Madame la présidente, monsieur le haut-commissaire, mes chers collègues, en 1903, Jean Jaurès prononçait son célèbre « Discours à la jeunesse » et déclarait : « Instituer la République, c'est proclamer que les citoyens des grandes nations modernes, obligés de suffire par un travail constant aux nécessités de la vie privée et domestique, auront cependant assez de temps et de liberté d'esprit pour s'occuper de la chose commune. »
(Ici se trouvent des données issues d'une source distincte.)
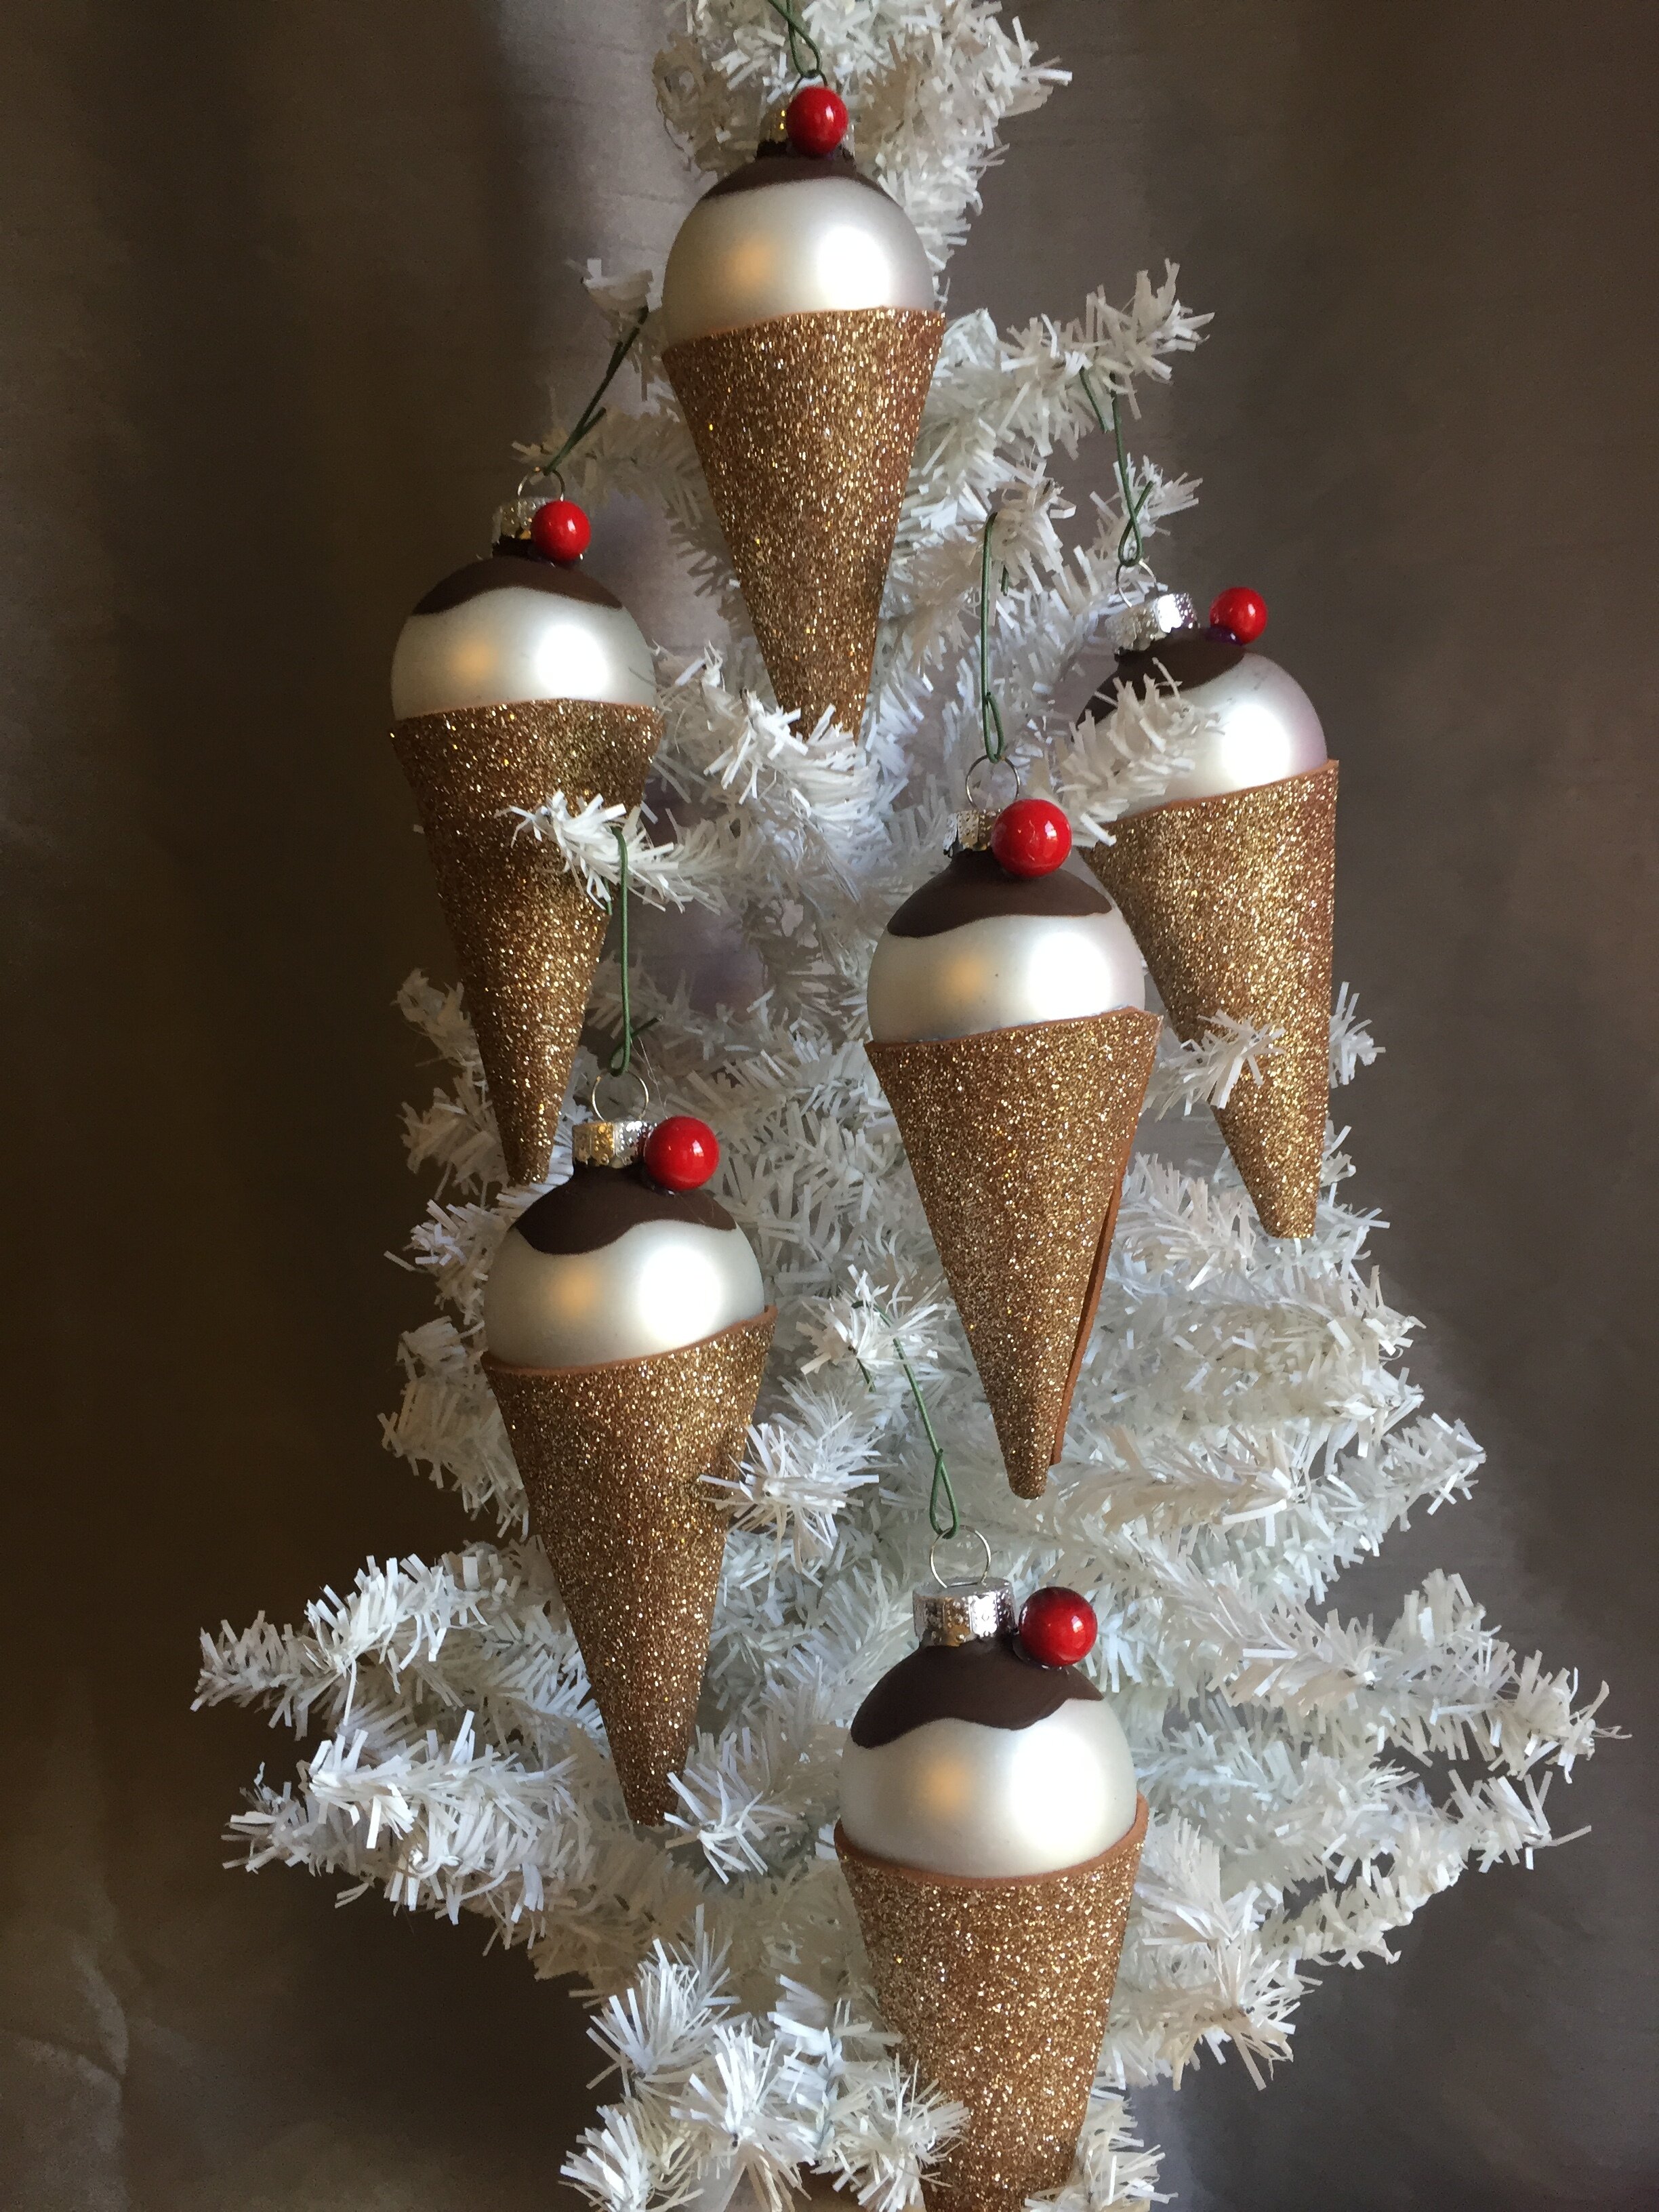 Honesto Barcelona convergencia ice cream cone ornaments — Cakes by Tricia Faye

Jusqu'en 1997, ce temps libéré pour la chose commune a pris la forme du service national, qui permettait de réaffirmer les valeurs républicaines de fraternité et de laïcité. Nous mesurons aujourd'hui que sa disparition a eu des conséquences dommageables, non seulement pour la transmission des valeurs républicaines, mais aussi pour ce brassage social et culturel que le service national favorisait, au moins en théorie et malgré toutes ses imperfections – non-mixité et caractère très relatif de l'universalité.
Depuis lors, le besoin de préserver la cohésion nationale s'est fait à ce point ressentir que l'on a institué une multitude de dispositifs – censés remplacer le service national en tant que pierre angulaire de notre engagement citoyen – pour permettre aux jeunes de s'investir en tant que volontaires. Or force est de constater que, si le projet de service civique proposé aujourd'hui rassemble au-delà des frontières partisanes, si chacun s'accorde à considérer qu'il pourrait permettre de recréer les conditions du brassage de toute une classe d'âge, d'améliorer le sens du civisme et de renforcer la cohésion nationale, il vaut mieux le prendre pour ce qu'il est, et non pour ce qu'il aurait pu être.
Il semble en effet difficile de parler de projet structurant pour l'ensemble de la société quand l'ambition affichée est de ne toucher que 10 % d'une classe d'âge. Je crains, de plus, que toutes les leçons de l'échec relatif du service civil n'aient pas été tirées. Il faudrait ainsi prendre en considération les problématiques de financement. Celles de communication ne sont pas moins importantes : quelques annonces en cours d'instruction civique ou lors de la journée de défense et de citoyenneté ne feront, au mieux, que placer les jeunes dans l'état passif de celui qui reçoit une foule d'informations. Le risque reste grand de n'attirer vers ce nouveau dispositif qu'une certaine catégorie de jeunes : les mieux informés, les mieux conseillés, les plus diplômés, ceux-là mêmes qui furent concernés par le service civil volontaire.
À défaut de pouvoir parler de réussite quantitative, nous allons donc devoir mettre l'accent sur l'aspect qualitatif et veiller à ce que le choix des projets par l'Agence du service civique se fasse dans les conditions les plus strictes. À cet égard, je ne peux que me féliciter que les domaines de la défense, de la sécurité, de la prévention et de la sécurité civile fassent partie des champs du service civique.
Il faudra aussi veiller à ce que les modalités d'emploi de ces jeunes, hors du cadre du droit du travail, se déroulent dans des conditions d'exercice professionnel sécurisé, bien sûr, mais aussi d'un intérêt constant pendant toute la durée d'affectation.
Quelles que soient les bonnes intentions qui sous-tendent ce projet, nous devons l'aborder avec une certaine modestie. S'il est vrai que les deux candidats au second tour de l'élection présidentielle de 2007 s'étaient prononcés pour un service civique, celui-ci était alors envisagé dans une dimension mixte et universelle. Tel avait été, auparavant, le sens de la proposition de loi Ayrault-Vaillant rejetée par la majorité de droite en 2003. Tel était aussi le sens du rapport d'étape remis par M. Kouchner à Mme Royal en février 2007, dans la perspective de la campagne présidentielle. (« Eh oui ! » sur les bancs du groupe SRC.)